Nature morte

The twenty-one works by Paul Cézanne on display in an exhibit entitled “The World is an Apple” are a coup for the Art Gallery of Hamilton (AGH) which is celebrating its centenary. The still lifes by one of my favourite nineteenth-century French artists feature pears, ginger pots, flowers and skulls in addition to the aforementioned apples. Cézanne’s work is noted for the angles he uses. In one painting it appears as if he moved his easel several times to render the tableau with no regard for the wonky perspective that results. 

Unlike Vincent Van Gogh who described his paintings in detail, we know very little about Cézanne’s methodology. Did he set out fruit and pots on a table and complete the work while the fruit was still fresh, or did he replace items he ate for lunch or went punky? As for his skulls, painted in his later years, they give new meaning to the word haunted. 

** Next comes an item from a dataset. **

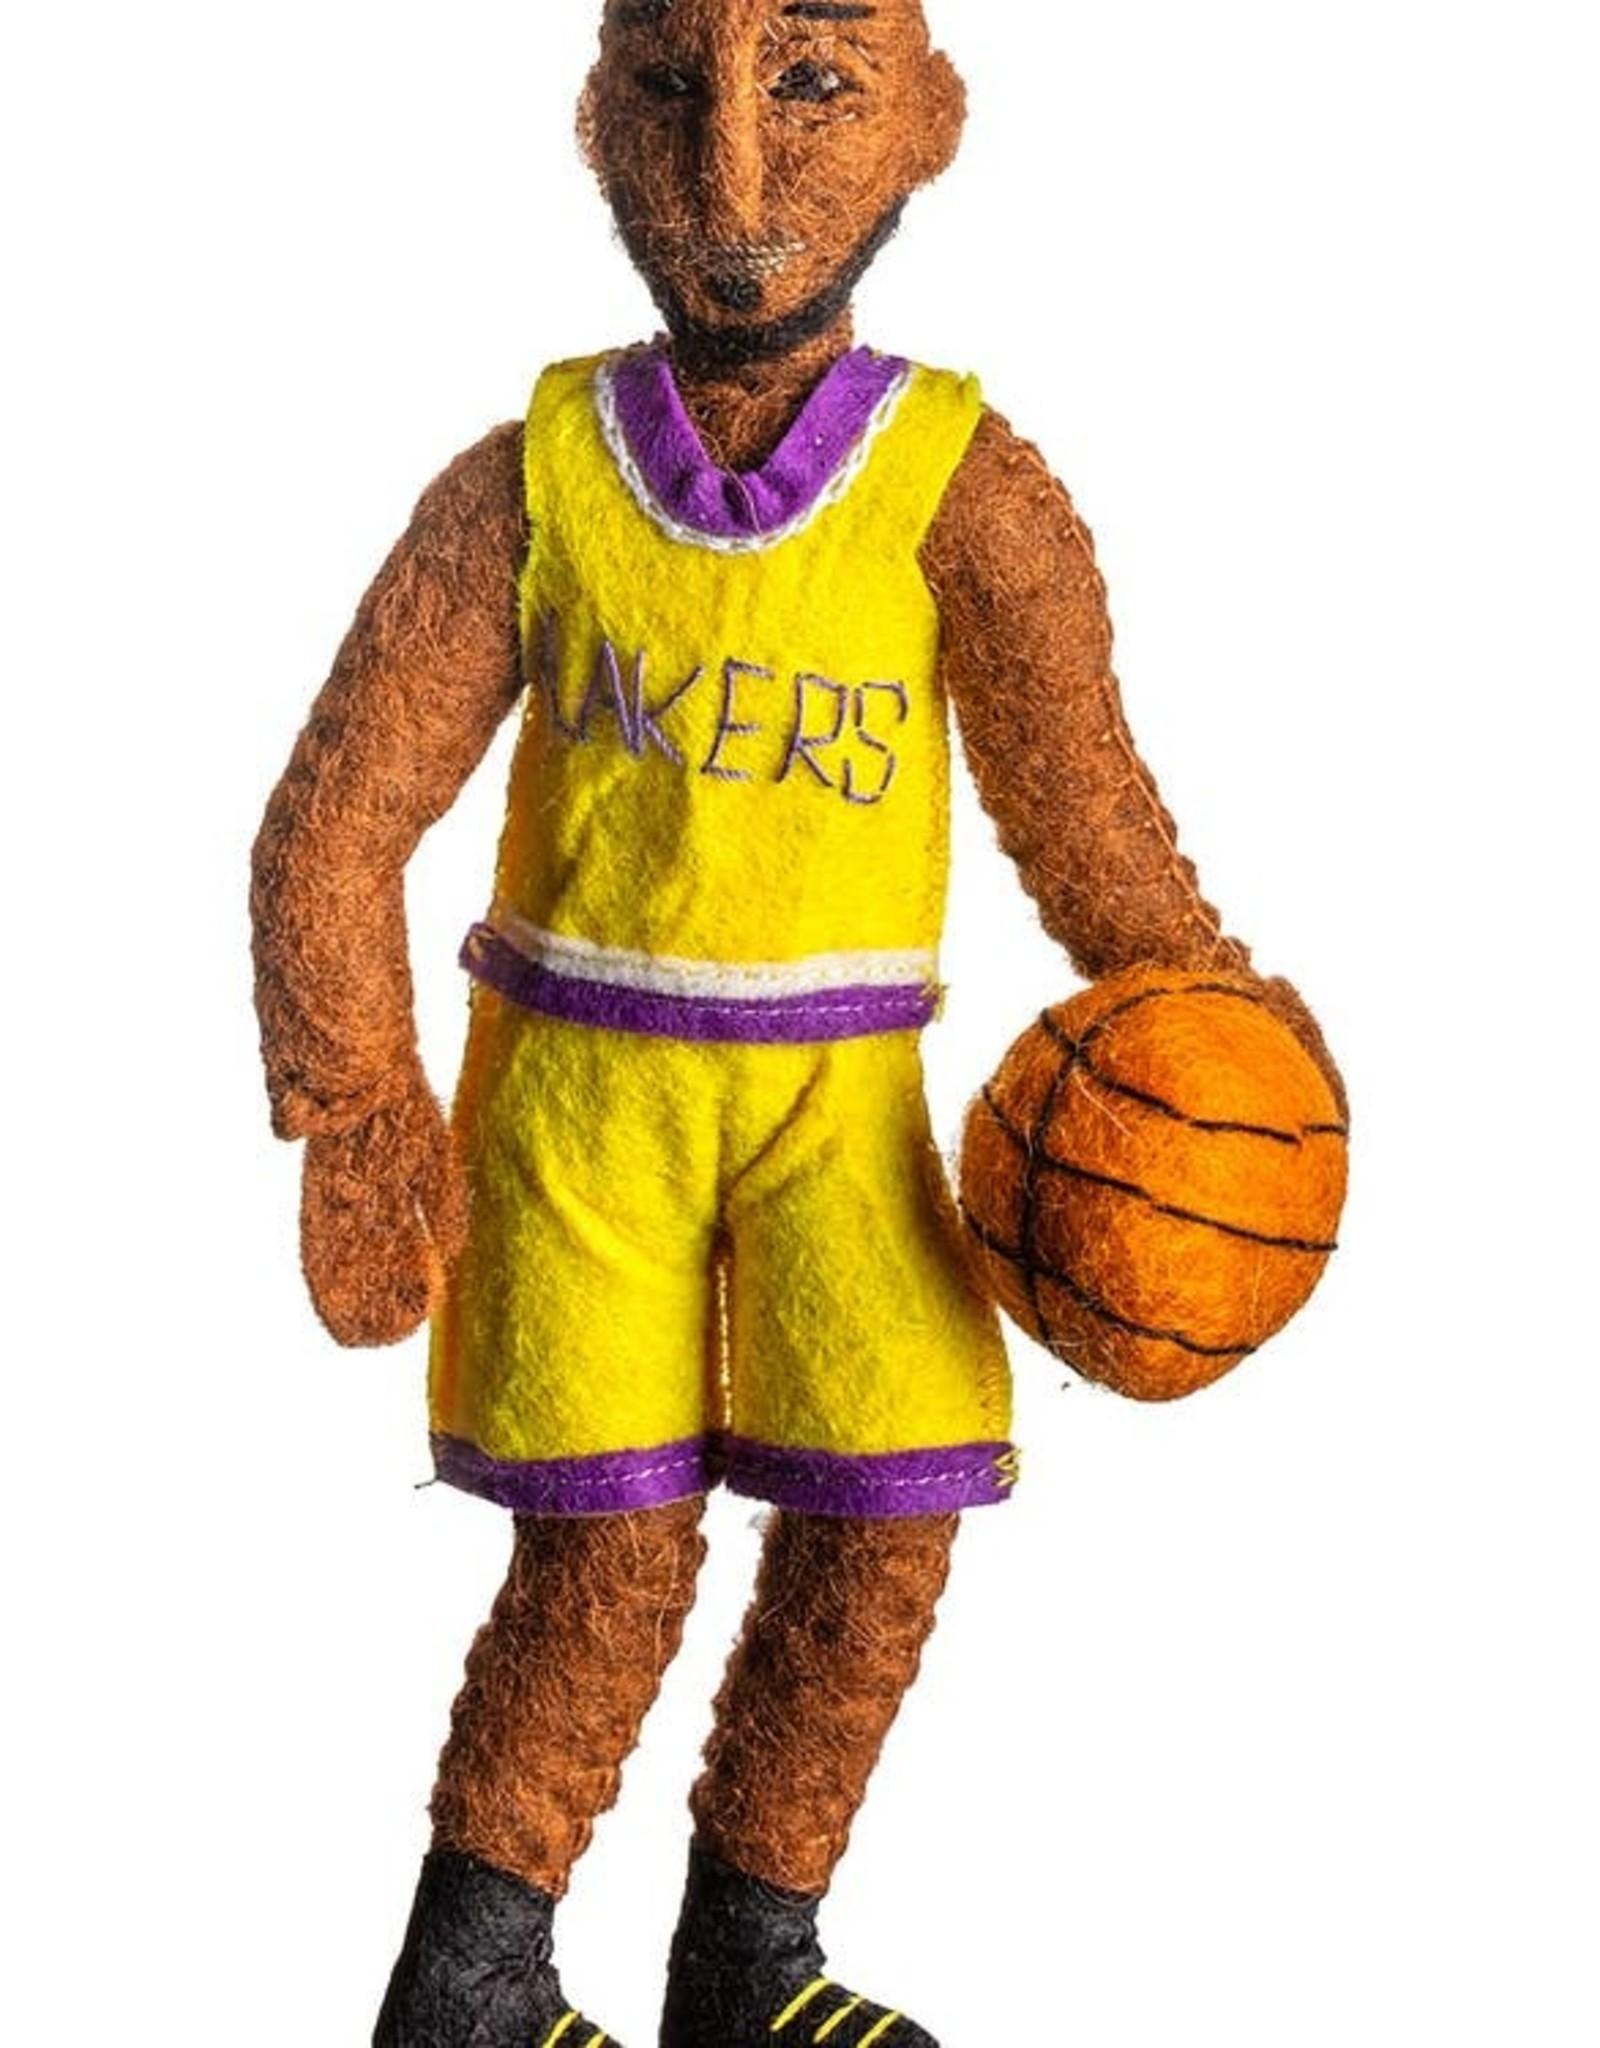 Kobe Bryant Ornament

This exhibit is particularly noteworthy because it brings together works from a number of public and private collections in North America and Europe. Former AGH director of curatorial affairs Benedict Leca organized the exhibit in collaboration with the prestigious Barnes Foundation in Philadelphia.

Leca, who came to the AGH from the Cincinnati Art Museum two years ago, is on the move again, this time to become director of the Redwood Library and Anthenaeum in Newport, Rhode Island, after being passed over for the role of president and CEO of the AGH. Leca’s fruitful labours, however, remain on view until February 8, 2015.

My daughter, Dr. Alison J. McQueen, a professor of art history at McMaster University, will deliver a public lecture about Cézanne at 7:30 p.m. on Monday January 19, 2015 as part of her Friends of Art History series. The exact location of the talk on the McMaster campus in Hamilton will be announced closer to the date.